[Exercise aim]:
Would you restate each line of the data below word for word, without its pictures?

[Supplied information]:
+ + + +
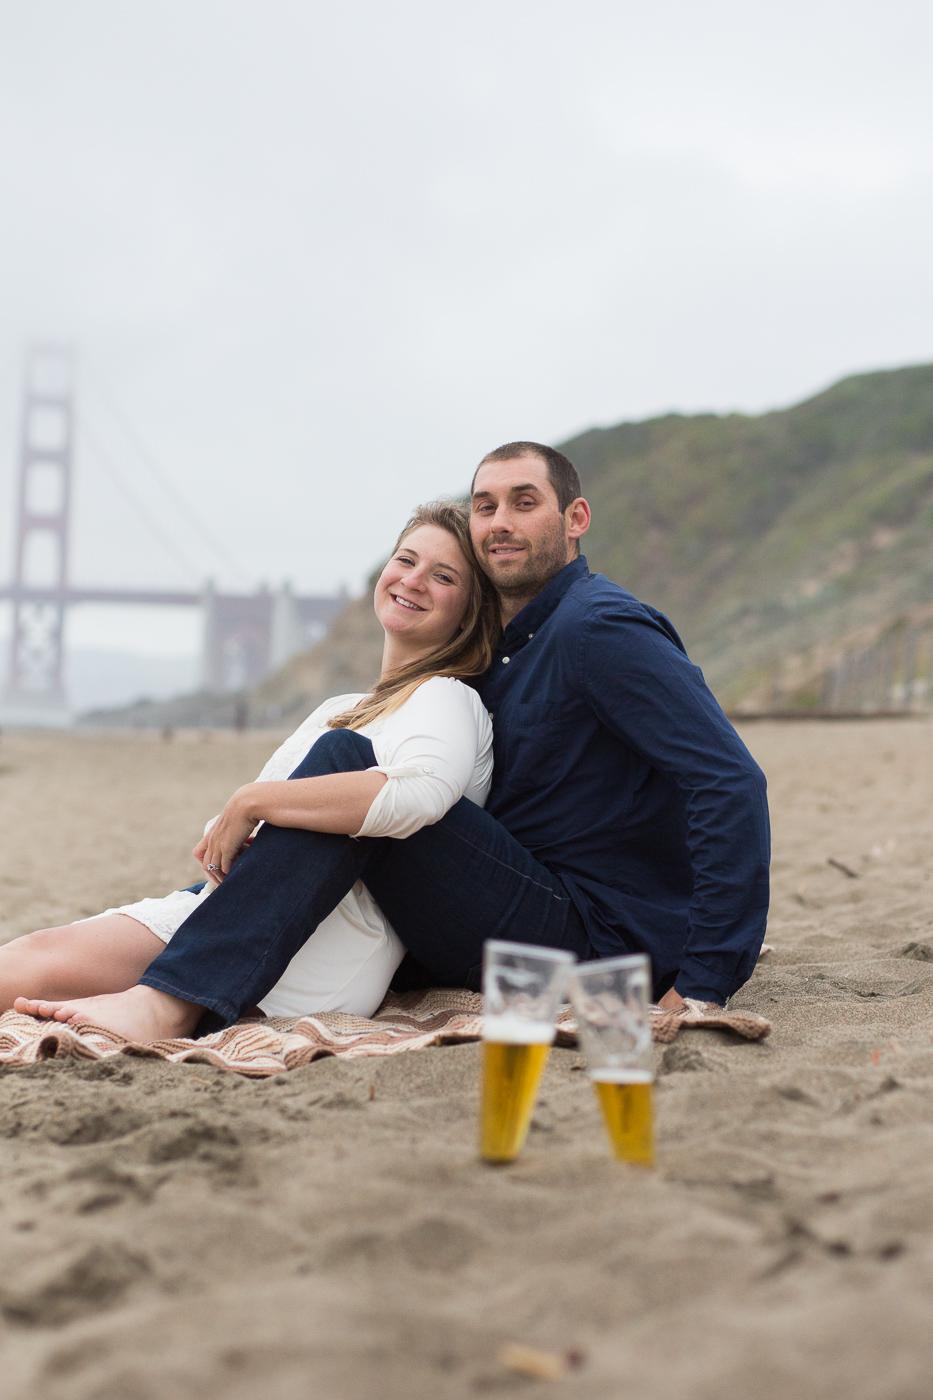 Baker-beach-san-francisco-california-engagement-session-12.jpg
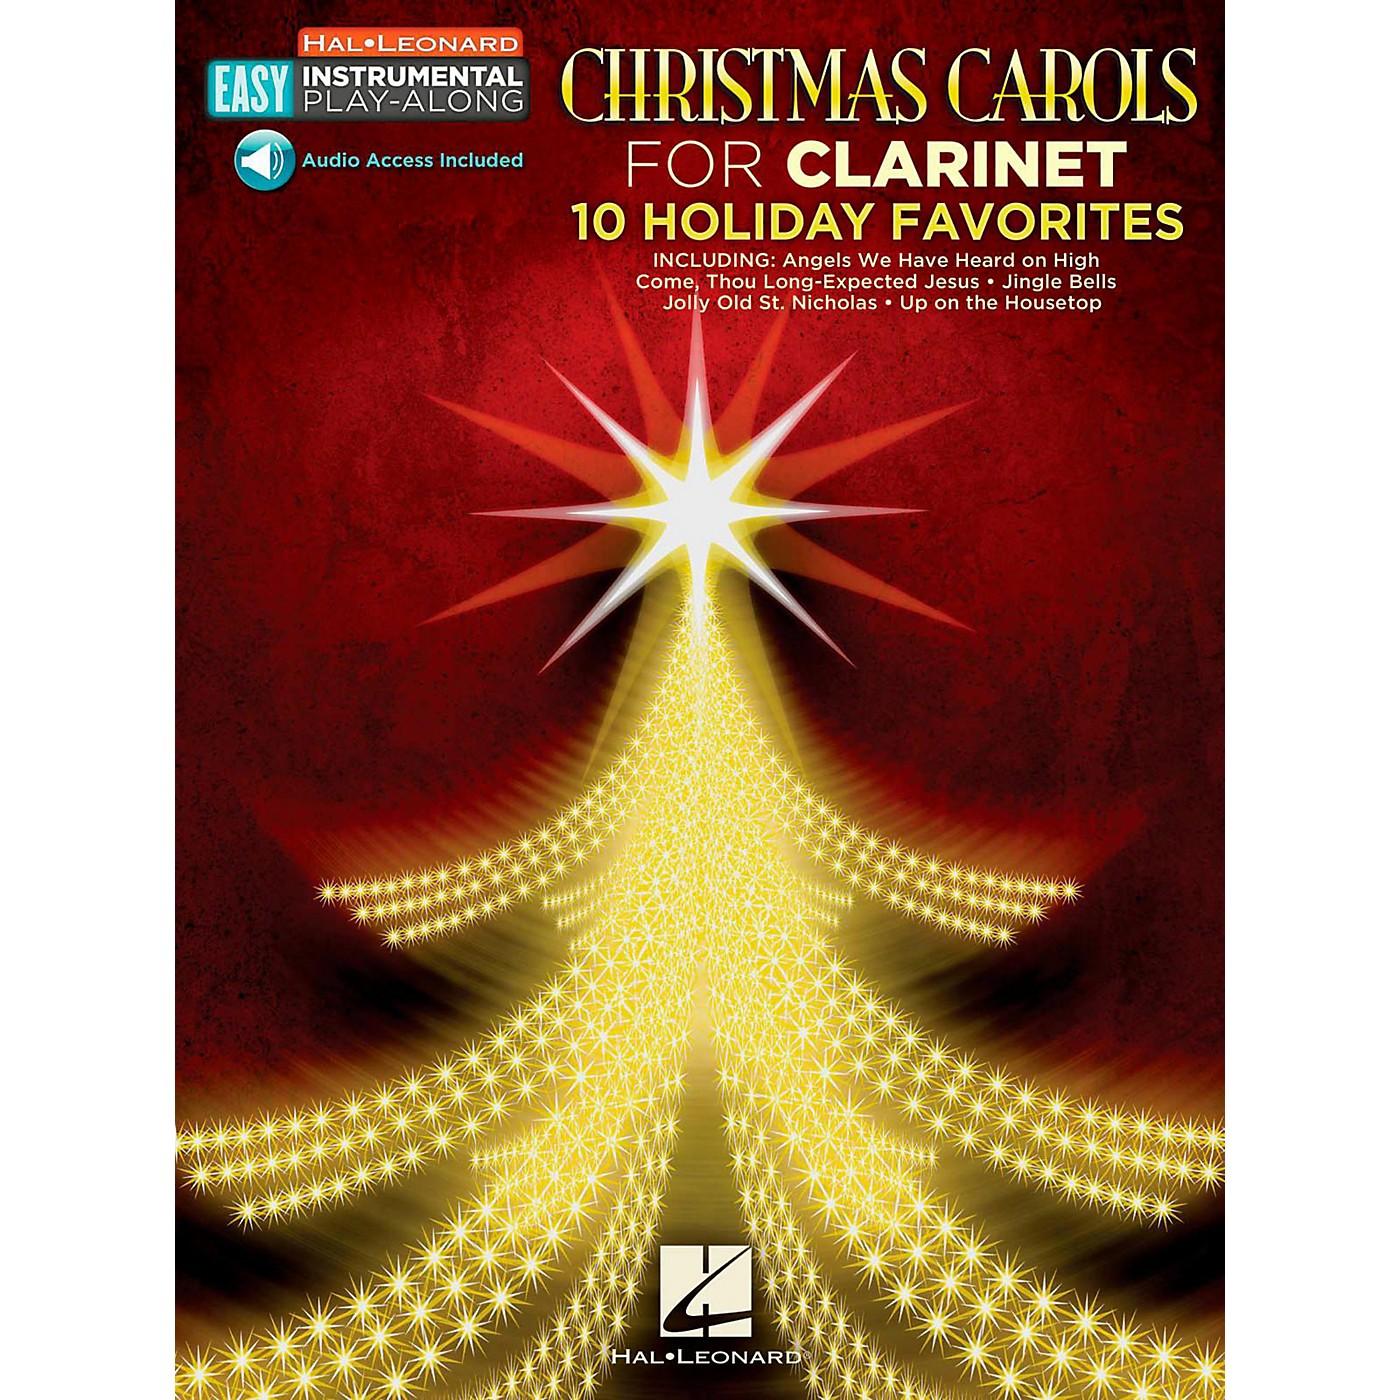 Hal Leonard Christmas Carols - Clarinet - Easy Instrumental Play-Along (Audio Online) thumbnail
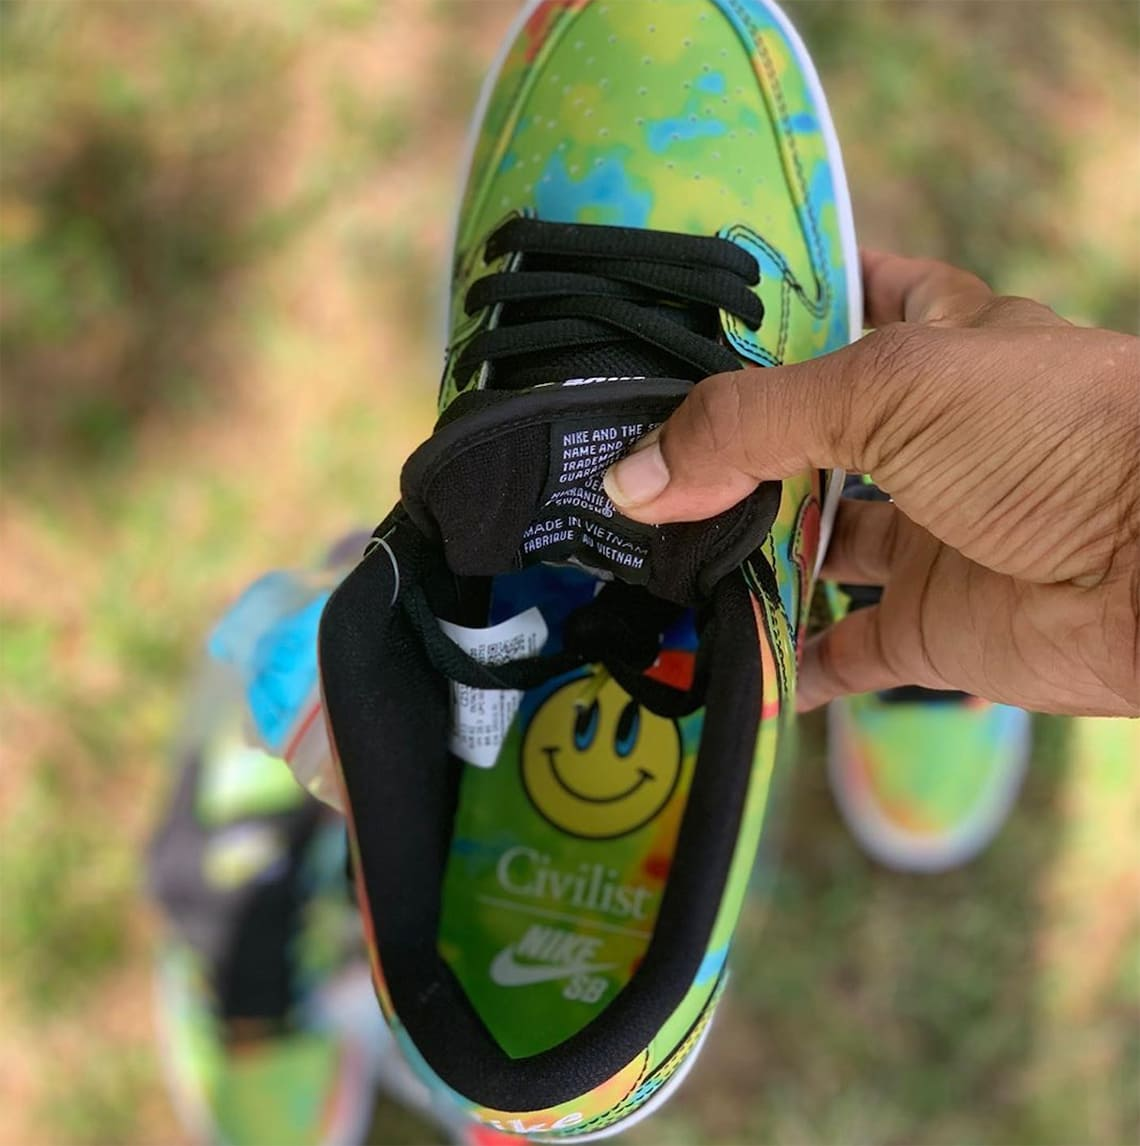 Civilist-Nike-SB-Dunk-Low-Black-CZ5123-001
+ + + +
[Task result]:
 Baker-beach-san-francisco-california-engagement-session-12.jpg
 Hal Leonard Christmas Carols - Clarinet - Easy Instrumental Play-Along (Audio Online) thumbnail
 Civilist-Nike-SB-Dunk-Low-Black-CZ5123-001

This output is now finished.